Mas não é apenas de museus e dados históricos que se constroi um quadro realista sobre a importância do pão na vida francesa. É bem verdade que o produto continua definindo em fotografias e charges um dos esteriótipos preferidos do cidadão local. A imagem não corresponde mais ao nível de consumo de hoje em dia (66 quilos por ano para cada um dos 50 milhões de franceses, quantidade inferior em dois terços à consumida há 80 anos).
Corriqueiro, o pão possui seus produtores perfeitamente enquadrados nos parâmetros do esnobismo. É o caso da família Poilaine, proprietária de duas padarias disputadíssimas em Paris, elas produzem diariamente de 800 a 1000 pães diferentes (com variações de receita e de dimensão). Não toleram o aquecimento a gás para seus fornos. Tudo a fogo de lenha. Na matriz - rue du Cherche-Midi - aquecem a 230 graus um forno de pedra construído no século XI no subsolo de uma abadia.
Mas o aspecto inédito das padarias Poilaine consiste na pureza dos ingredientes. O trigo é moído em mós de pedra (nada de moedores mecânicos!), e o fermento natural não contém nenhum aditivo químico. As pás com que oito artesões trabalham são de madeira. Dizem que as de metal prejudicam a uniformidade da assadura. Para compensar essas frescuras todas, muita gente não hesita em pagar 20 a 30 por cento a mais que numa padaria normal, onde - detalhe importante para o público brasileiro - sempre foi proibida a confecção de pães com outro ingrediente de base a não ser farinha de trigo puríssima.
A Poilaine tem entre seus clientes toda a turma que os cronistas sociais sem imaginação designam como "top-jet". O presidente da Coca-Cola recebe mensalmente por avião uma leva de massa congelada para que sua empregada vá fabricando seu pãozinho paulatinamente. Salvador Dali certa vez comprou quilos da massa para fabricar uma enorme escultura. Catherine Deneuve e alguns emires árabes estão entre os que se nutrem diariamente "chez" Poilaine.

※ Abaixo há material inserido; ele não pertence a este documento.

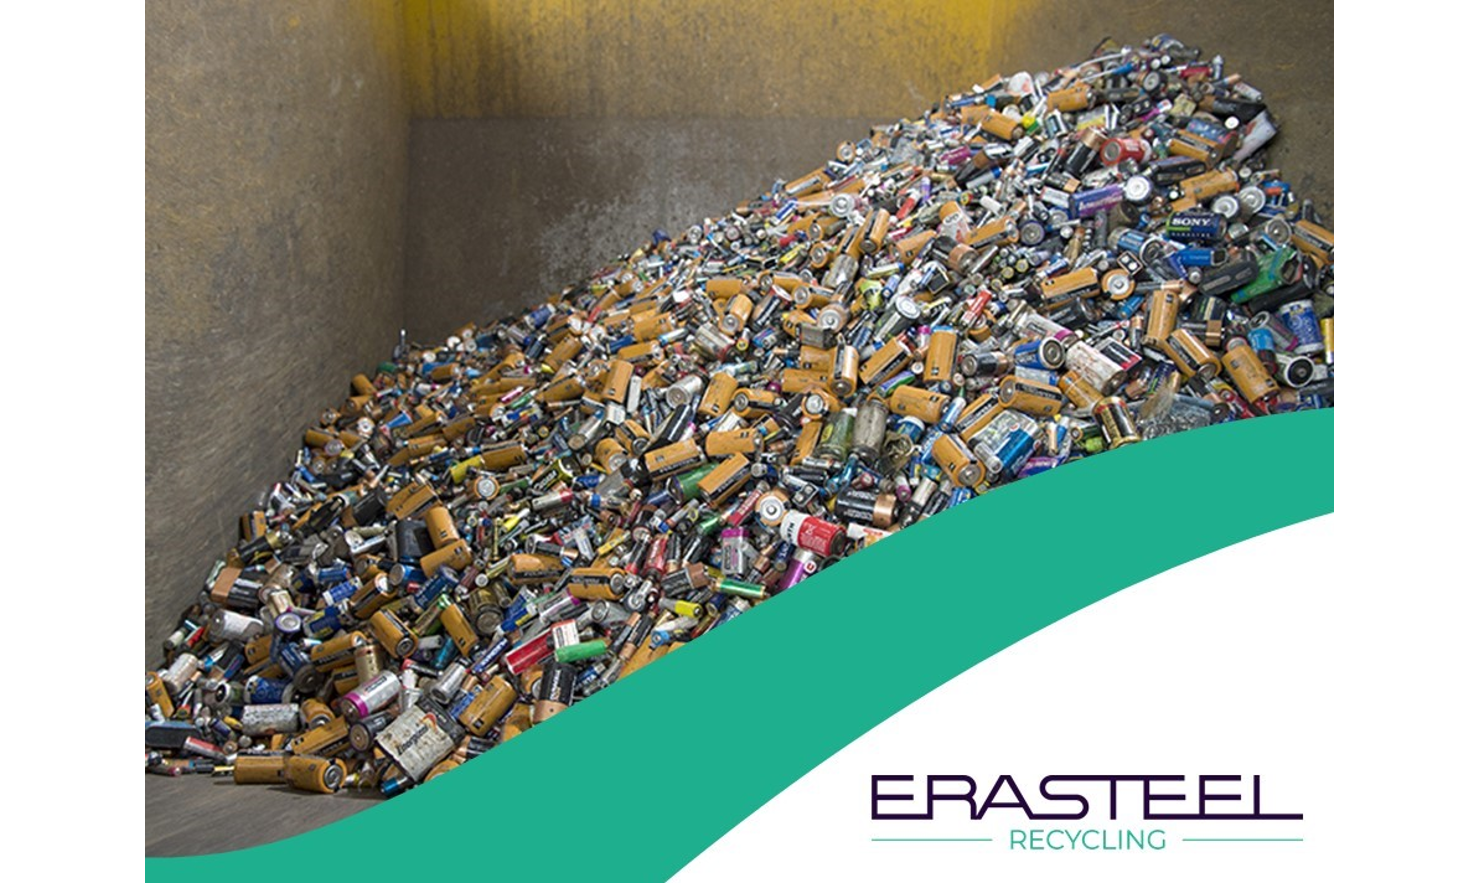 ERASTEEL relaunches its battery - Erasteel

O caso deste padeiro bem sucedido exemplifica a capacidade da sociedade francesa de valorizar seu pão em termos de requinte. Um requinte muitas vezes importado de outro países europeus e imediatamente incorporado aos hábitos locais. É o que ocorreu com o "croissant", pãozinho em forma de meia-lua, feito com bastante manteiga. Pouca gente sabe que ele é de origem austríaca. Aliás, a palavra "croissant" é uma tradução do alemão "hornchen" (pequena lua). A historinha é a seguinte. Em 1689 os turcos cercavam Viena mas não chegaram a se apoderar da cidade. Foram derrotados por Sobieski. Mas os padeiros vienenses tinham mesmo assim produzido pãezinhos em forma de quarto-crescente. Talvez para badalar os invasores. A moda pegou e hoje num monte de lugares dos quatro cantos do mundo encontra-se "croissants" apresentados como um produto genuinamente importado da tradição francesa.